1. Process automation (hyperautomation)
Business process automation using AI is one of the pillars of digital transformation. In the era of striving for operational excellence, companies reach for the so-called hyperautomation – combining many technologies (AI, machine learning, RPA) to automate everything possible. According to Gartner, hyperautomation is a priority for 90% of large enterprises, which shows how important it has become to streamline processes using AI. Both routine back-office tasks (e.g. document processing, reporting) and customer interactions (chatbots, voicebots) can be automated.
For example, AI algorithms can analyze documents and extract data from them in a matter of seconds – something that used to take employees hours to do manually. RPA systems combined with AI can independently handle financial, HR, and logistics processes, learning from data and improving their operation over time. 70% of organizations indicate simplifying workflow and eliminating manual activities as a top priority in their digital strategy, and AI fits perfectly into these goals. What’s more, it is estimated that by 2026, 30% of enterprises will automate more than half of their network processes (up from <10% in 2023) – proof that the scale of automation is growing rapidly. Companies investing in AI-driven automation note tangible benefits: reduced operating costs, faster task execution, and relieving employees of tedious duties (allowing them to focus on creative tasks). As a result, digital transformation accelerated by automation is becoming a fact, giving organizations greater agility and productivity.

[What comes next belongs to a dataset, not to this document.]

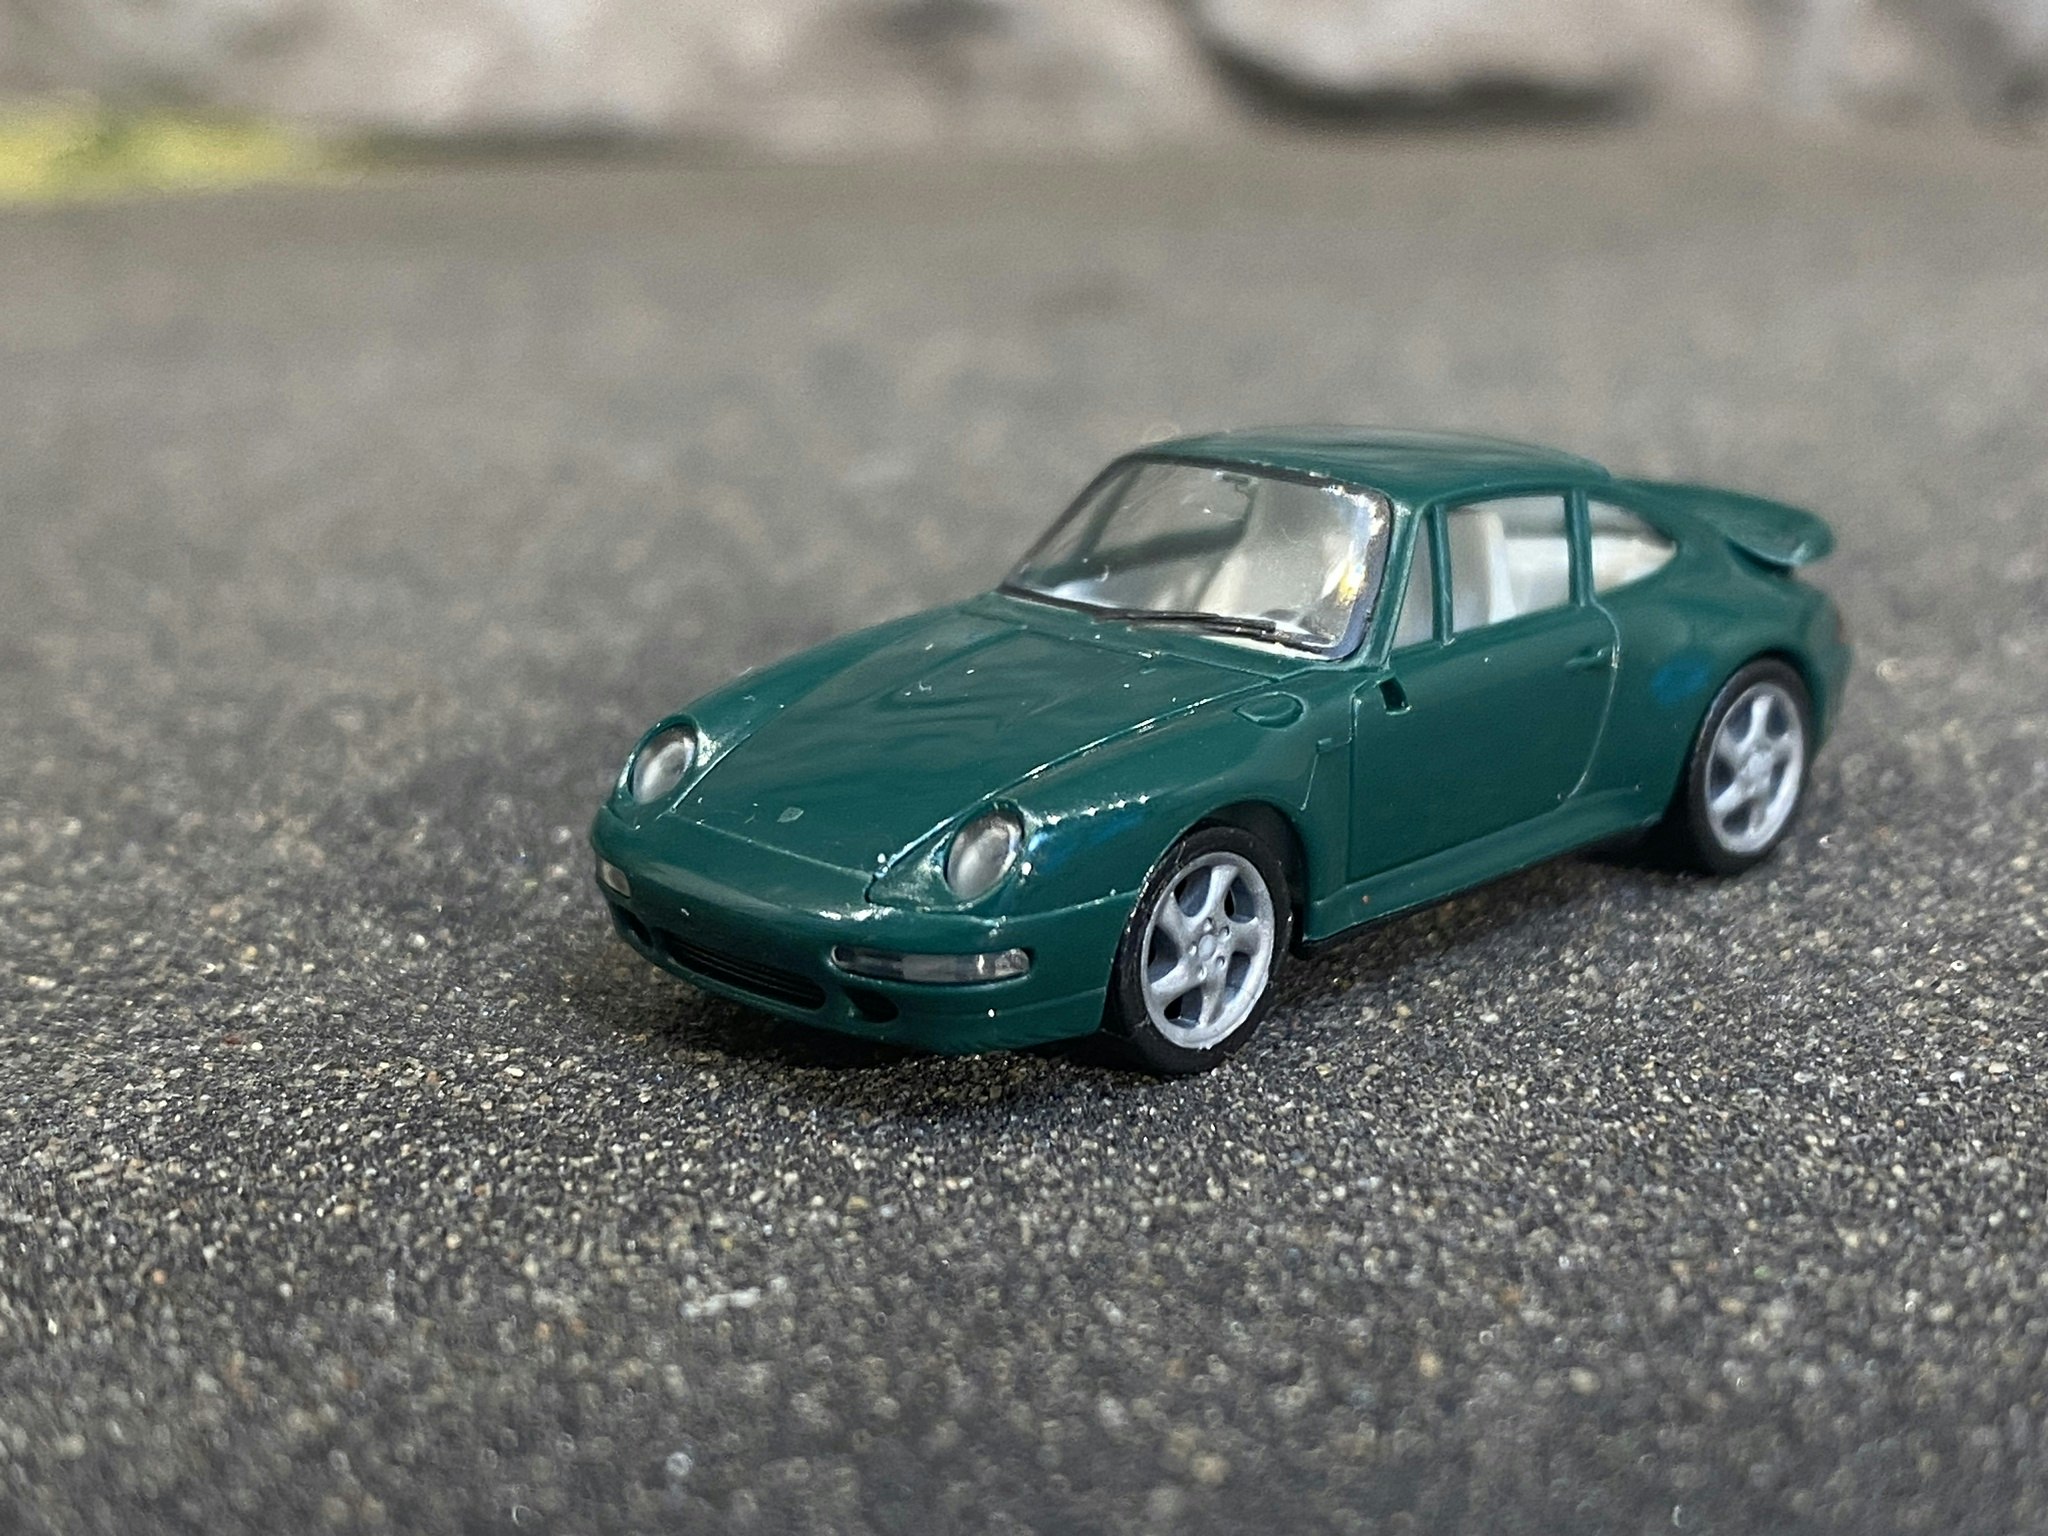 Skala 1/87 - Porsche 911, 95' Grön från Herpa, Skrot?! Obs saknar sidospegel!

2. Predictive analytics and data-driven decision making
Predictive analytics is another key area that should be part of every large company’s AI strategy. By using machine learning to analyze historical data, organizations can predict future trends, events, and demand with unprecedented accuracy. Instead of relying solely on reports describing the past, companies using predictive analytics can predict, for example, an increase in product demand, the risk of customer churn, or a production machine failure before it happens. This type of AI in business translates into better decisions—proactive, based on data, not intuition.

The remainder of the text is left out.